Je soutiens évidemment la protestation de @FJolivet36 vis-à-vis du #PetitRobert
— Jean-Michel Blanquer (@jmblanquer) November 16, 2021
L’écriture inclusive n’est pas l’avenir de la langue française.
Alors même que nos élèves sont justement en train de consolider leurs savoirs fondamentaux, ils ne sauraient avoir cela pour référence: https://t.co/09thJzQ7iN
Le Robert se justifie pour sa part en affirmant que le pronom est déjà souvent employé. Le dictionnaire, qui n’en est pas à son coup d’essai, assume sa stratégie "inclusive".
"On a constaté que ce mot prenait de l'ampleur et nous l'avons intégré […] Tous nos dictionnaires sont inclusifs depuis plusieurs années", explique ainsi au Figaro Marie-Hélène Drivaud, lexicographe au Robert.
Dans une perspective féministe, l’ouvrage avait déjà remplacé le mot "homme" par "humain" dans ses exemples, précise la responsable.
Blanquer fulminant, l’exécutif hésitant
Ce n’est pas la première fois que le ministre de l’Éducation nationale fait part de son hostilité vis-à-vis de l’écriture inclusive.
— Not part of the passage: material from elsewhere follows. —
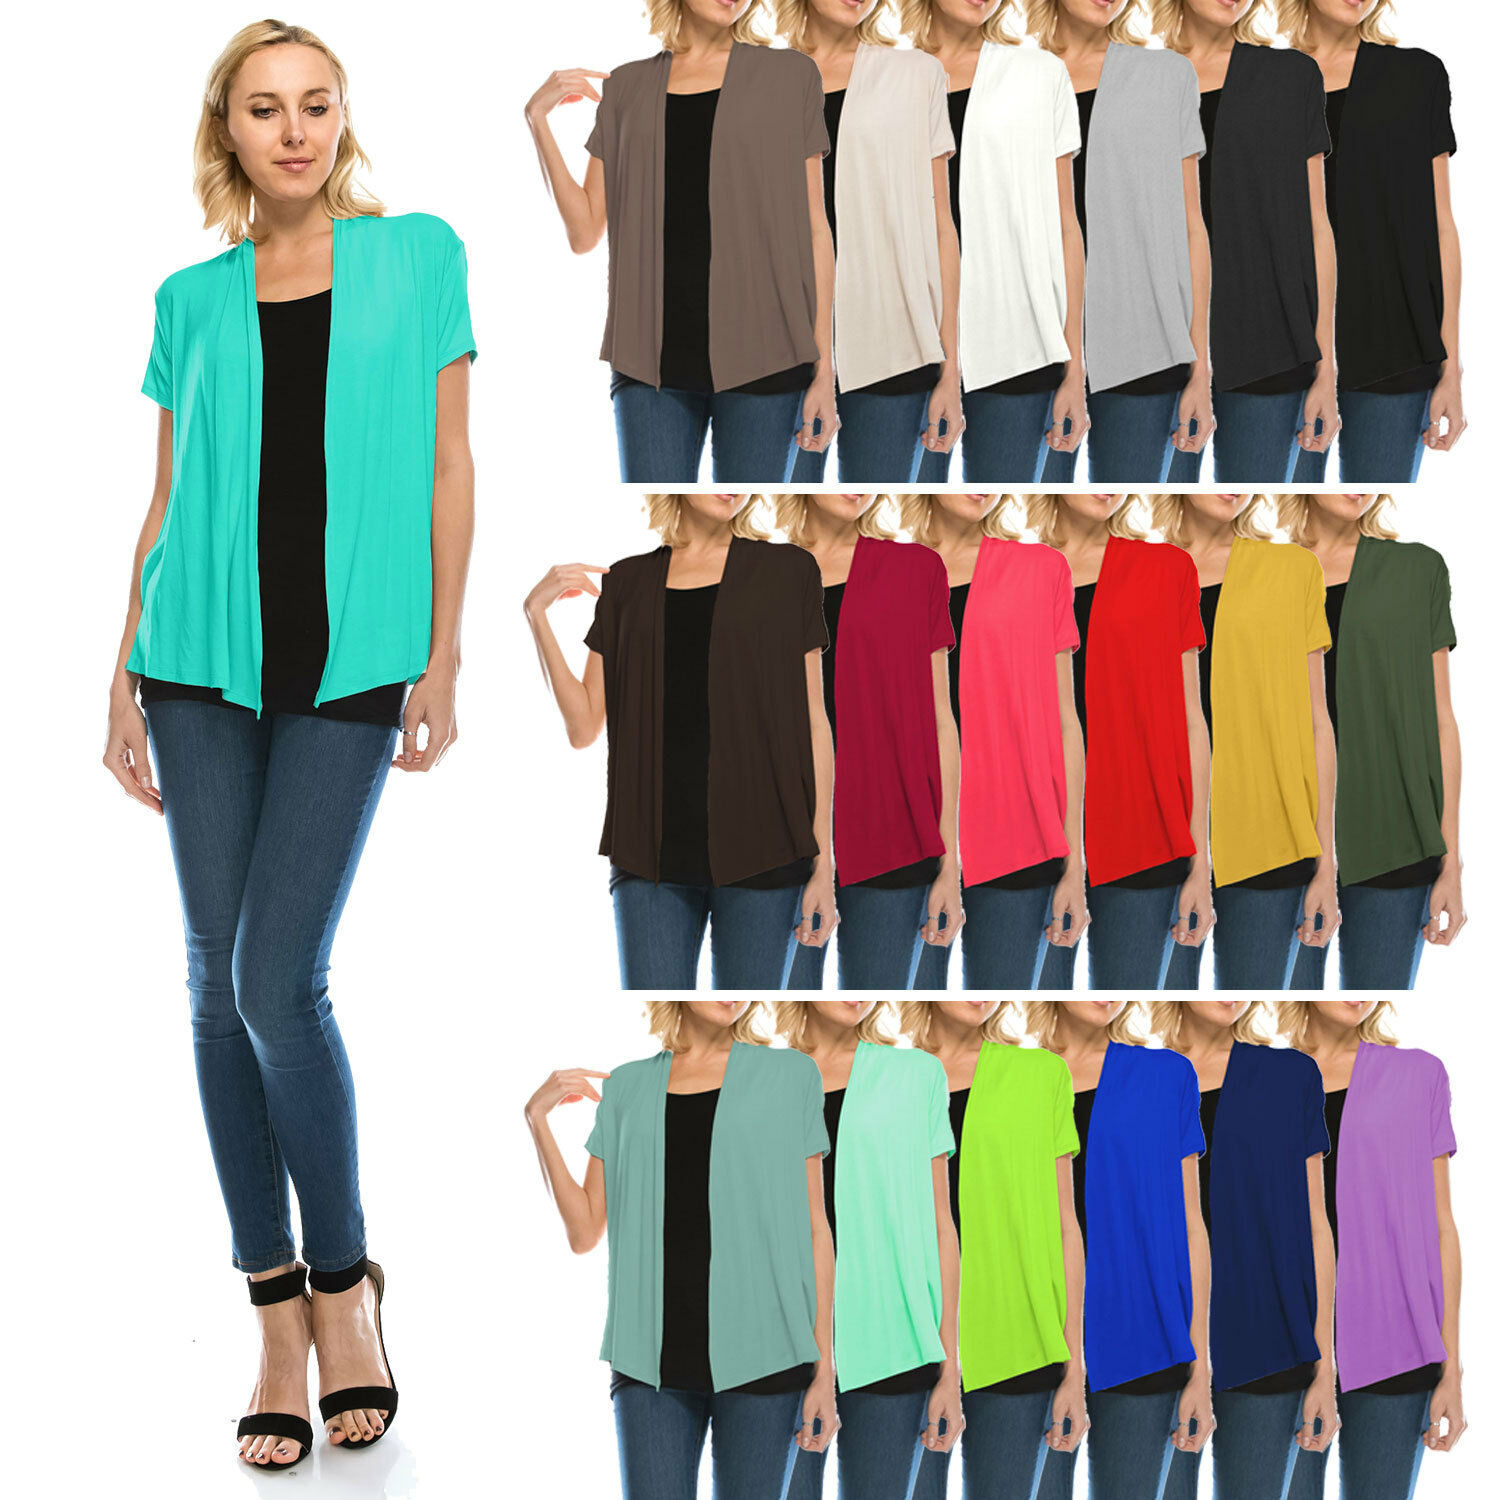 Jdstyle Women's Basic Short Sleeve Open Front Cardigan(size:s-5x)usa - At1188

En mai dernier, il avait rappelé dans une circulaire que celle-ci n’avait pas sa place à l’école, car elle entravait l’apprentissage des élèves en créant des "écueils artificiels".
Au-delà des salles de classe, Jean-Michel Blanquer ne semble pas lui-même un grand admirateur de ce type de syntaxe qu’il trouve "très laide", comme il l’avait confié sur France 3 en 2017. Il réprouve en particulier l’utilisation du point médian, censé faire apparaître simultanément le féminin et le masculin au sein d’un même mot.
Écriture inclusive: "Ce n’est pas au nom du féminisme qu’on doit attaquer la langue française", selon Blanquer pic.twitter.com/jZGkIWJ4YM
— BFMTV (@BFMTV) November 22, 2017
Mais son aversion ne semble pas être partagée par tous au sein du gouvernement. En 2017, Marlène Schiappa et Muriel Pénicaud, alors ministre du Travail, avaient ainsi promu un guide à destination des entreprises, qui encourageait explicitement l’usage du point médian, conseillant par exemple d’écrire "les client·e·s" ou les "les professionnel·le·s".
À l’époque, l’initiative avait d’ailleurs été très mal accueillie par l’Élysée. Quelques semaines plus tard, le Premier ministre Édouard Philippe avait recadré le débat, via une circulaire déconseillant l'écriture inclusive dans les textes officiels.
Depuis, certains semblent avoir tempéré leur position. Débordée par des enseignants refusant d’enseigner que le "masculin l’emporte sur le féminin", Marlène Schiappa avait ainsi haussé le ton, quelques mois plus tard. L’ex-secrétaire d'État à l’égalité entre les femmes et les hommes avait déploré que les professeurs changent d’eux-mêmes les règles de grammaire.